European programmes | FERAL LABS

Making Magtronics in Swelovenia: Interview with MAG & Mika

Not to be outdone by the ongoing pandemic, which had already twice canceled their original 2020 artist co-residency in Slovenia, experimental musician MAG and e-textile designer Mika came together this winter to create their own intimate Feral Labs residency in the Swedish countryside.

The two artists had been working together for several years—first in Gothenburg, Sweden, where MAG is still based and before Mika moved to Berlin, then on various opportune occasions, from international artist-in-residency programs to PIFcamp hosted by Projekt Atol in Ljubljana, Slovenia.

MAG (Magdalena Ågren) is known for her spectacularly cumulative and multilayered musical performances, featuring live loops of voice and homemade electronics, as well as her signature megaphone and acoustic trombone, all converging into a megasonic “dystopian lo-fi orchestra”. Mika (Mika Satomi) is a meticulous costume designer specialized in electronic textiles and physical computing for interactive wearables, co-founder of the e-textile art collective Kobakant.
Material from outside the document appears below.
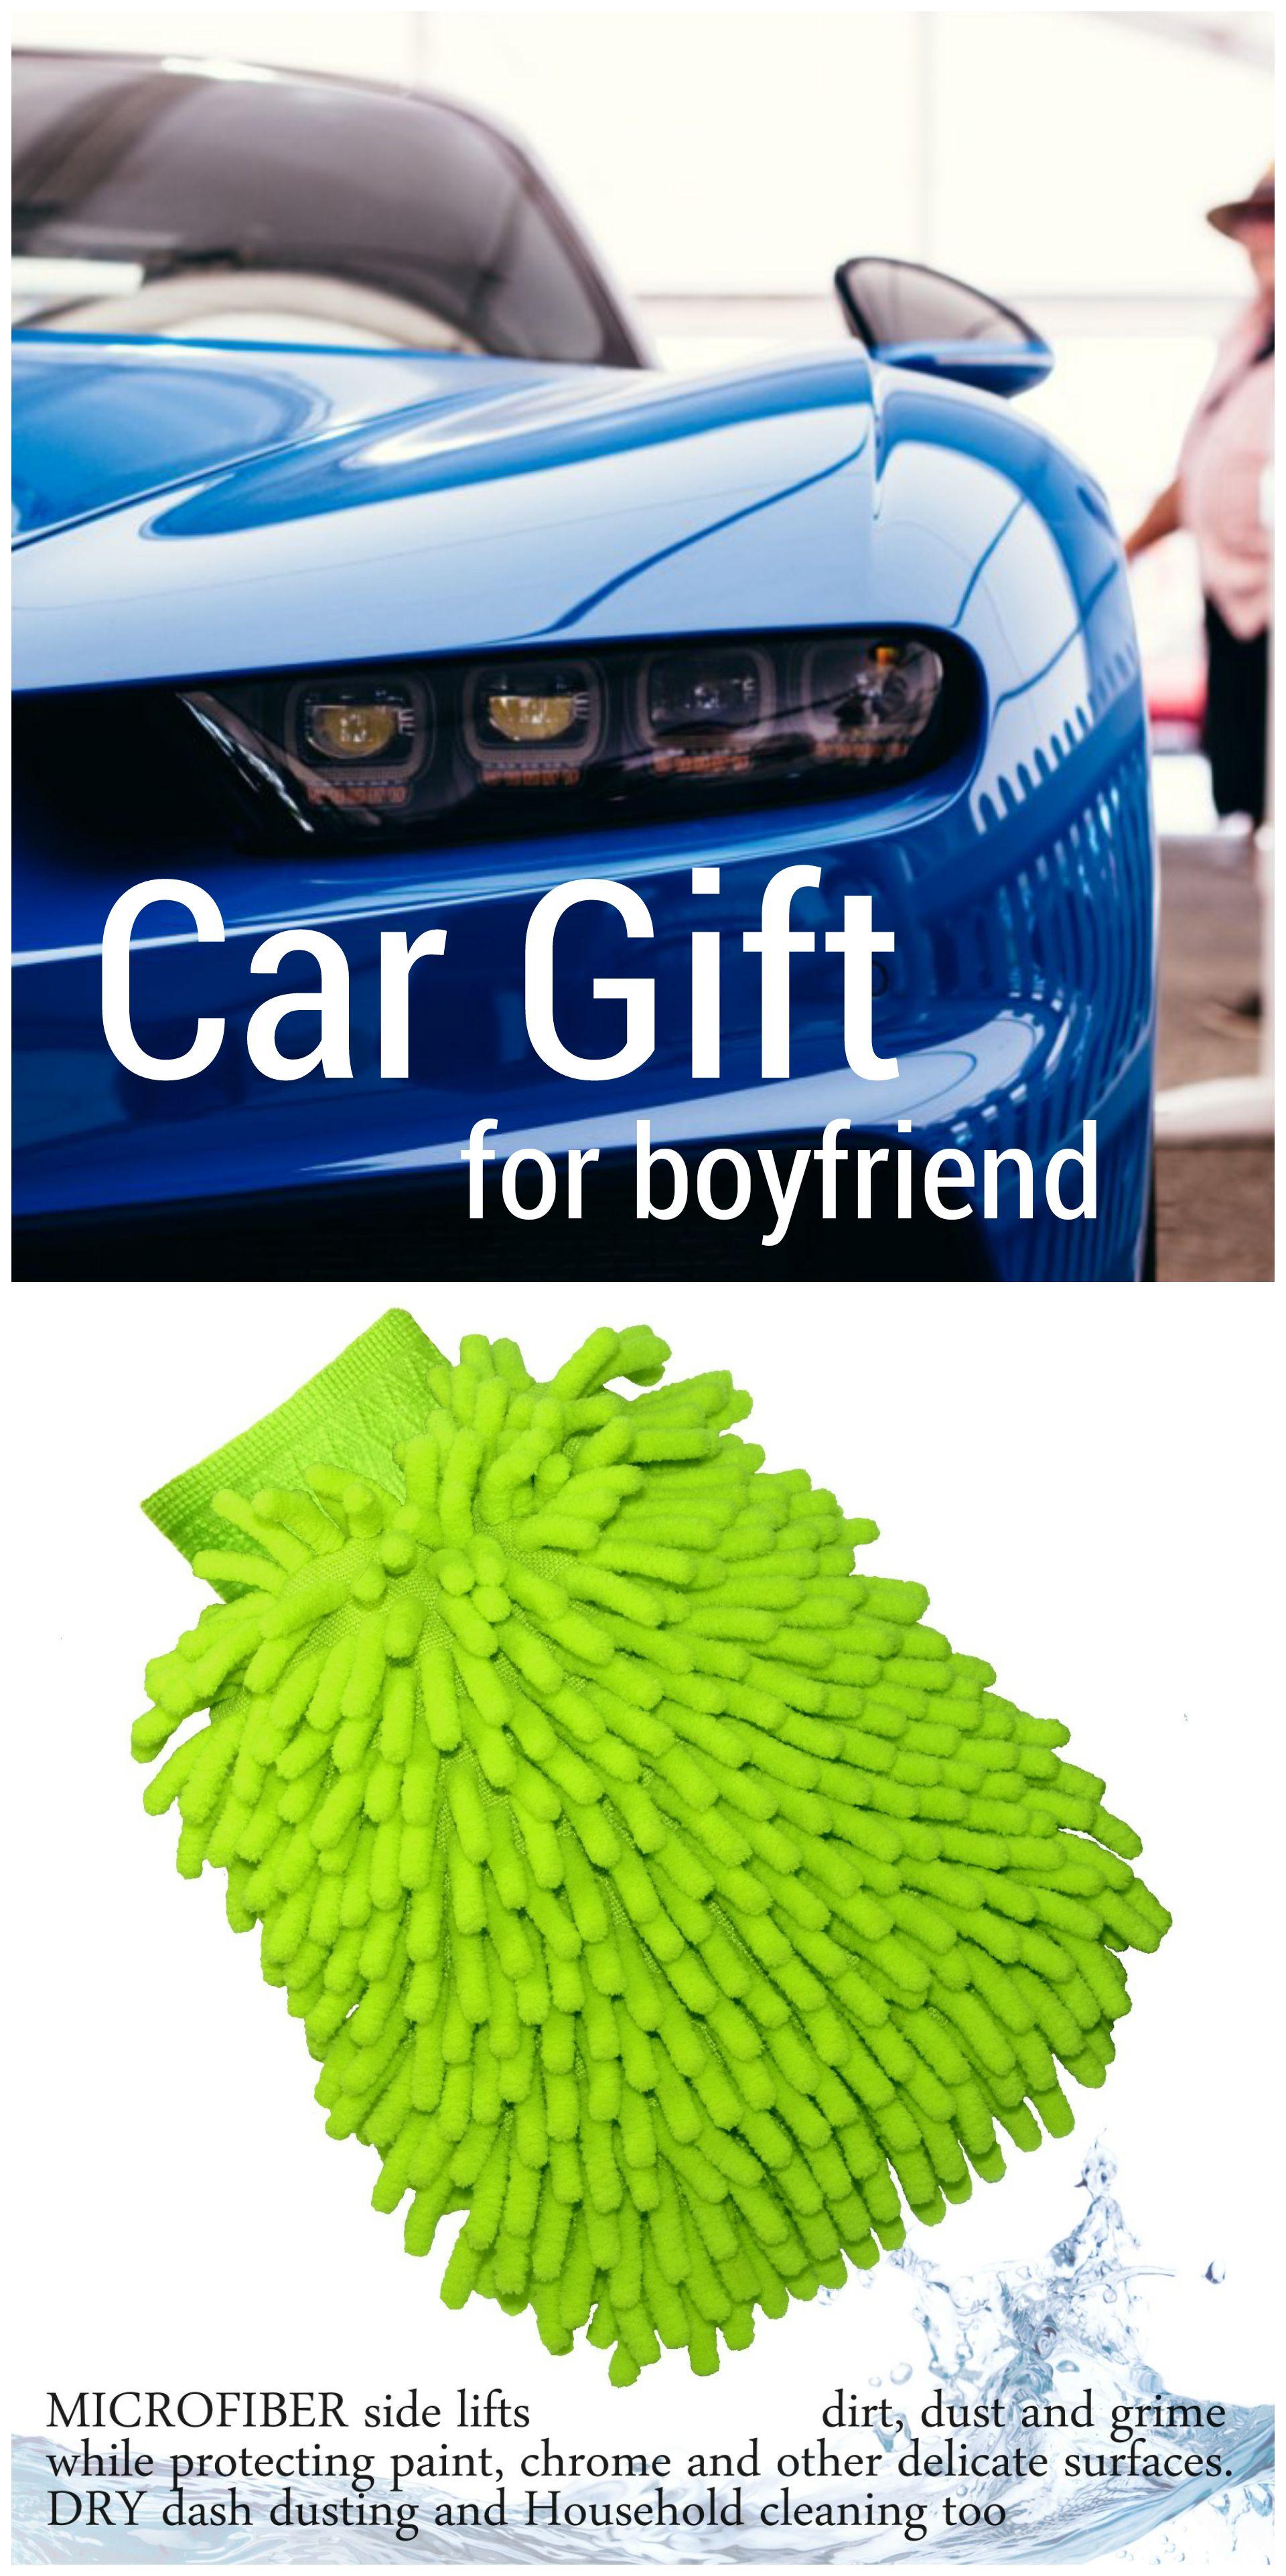 Car Care Cleaning Microfiber Car Wash Mitt Car Cleaning Exterior Vehicle Car Washing Car Cleaning Exterior Microfiber Car Care Cleaning Car Wash Equipment

Magtronics beginnings at PIFcamp 2019. © Katja Goljat

At PIFcamp 2019, the MAG & Mika duo began to collaborate on actively developing Magtronics: a musical instrument controlled by an interactive costume to enhance improvisation and free expression during MAG’s live performance.
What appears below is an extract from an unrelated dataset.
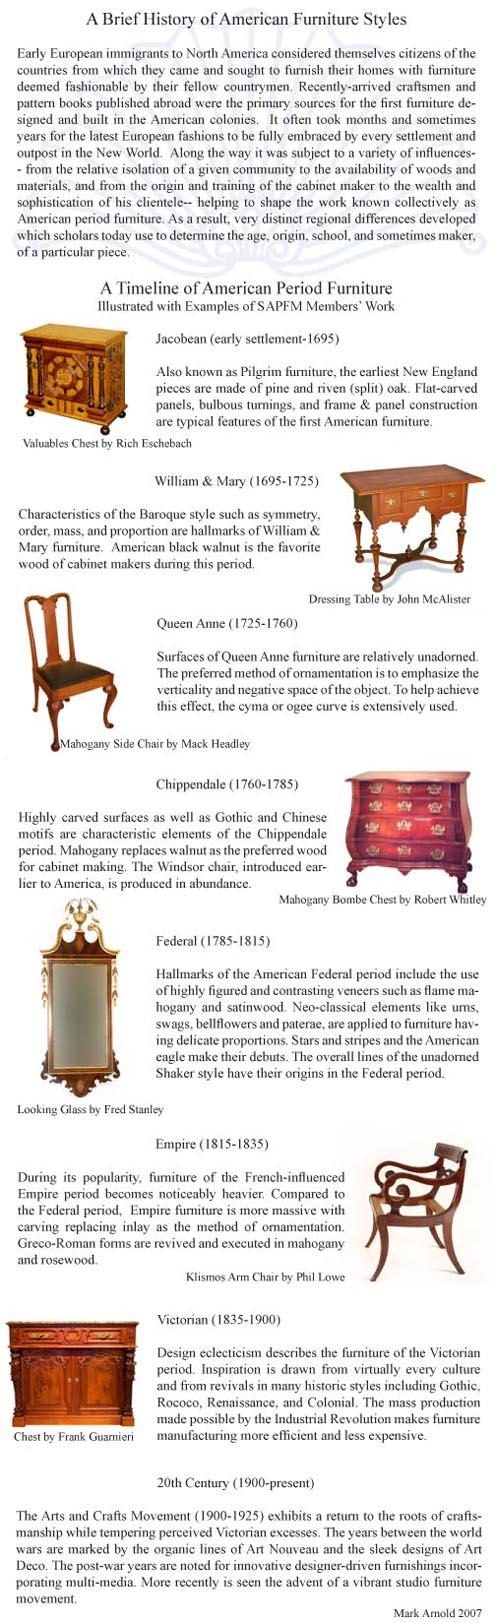 48++ Furniture styles timeline information

In December 2020, following the cancellations of their planned Slovenian residency, MAG & Mika decided to take the residency venue into their own hands and work together “feral lab”-style in a remote countryside house about an hour’s drive north outside of Gothenburg, Sweden. Through their daily blog, we followed their adventures in rural Övre Jubliana, experimenting indoors with an Organelle, a Bela, PureData, kinesiology tape… and of course, the magic gloves.

In this online interview for Makery, MAG & Mika reflect on the various aspects of their feral DIY residency.

Taking a walk around the lake in Övre Jubliana, Swelovenia. © Mika

Makery: How did you find this rustic house in the Swedish countryside for your shared residency?

MAG: The house itself is a house that I have been renting together with some of my friends for many years now. It’s a house community with four people that has been around way before I got into it. Everyone has their own room and shares the kitchen and living room, so we can be there at the same time. It is super cheap, except for electricity in the winter, but you can use as much wood as you want to heat it up.

Mika: We made up the name Övre Jubliana to feel a bit of Ljubljana there. It is a small modification to the real name of the village in Sweden. There are only five houses in this village, and the nearest neighbor is far enough that we could play trombone and loud music at any time we like. I met more horses and deer than humans while I was there! The house has no shower and only outside biological toilette… a bit like camping, which, rather than inconvenience, added a nice flare to the residency.

How did the relative isolation, reduced sunlight and rural environment influence your residency?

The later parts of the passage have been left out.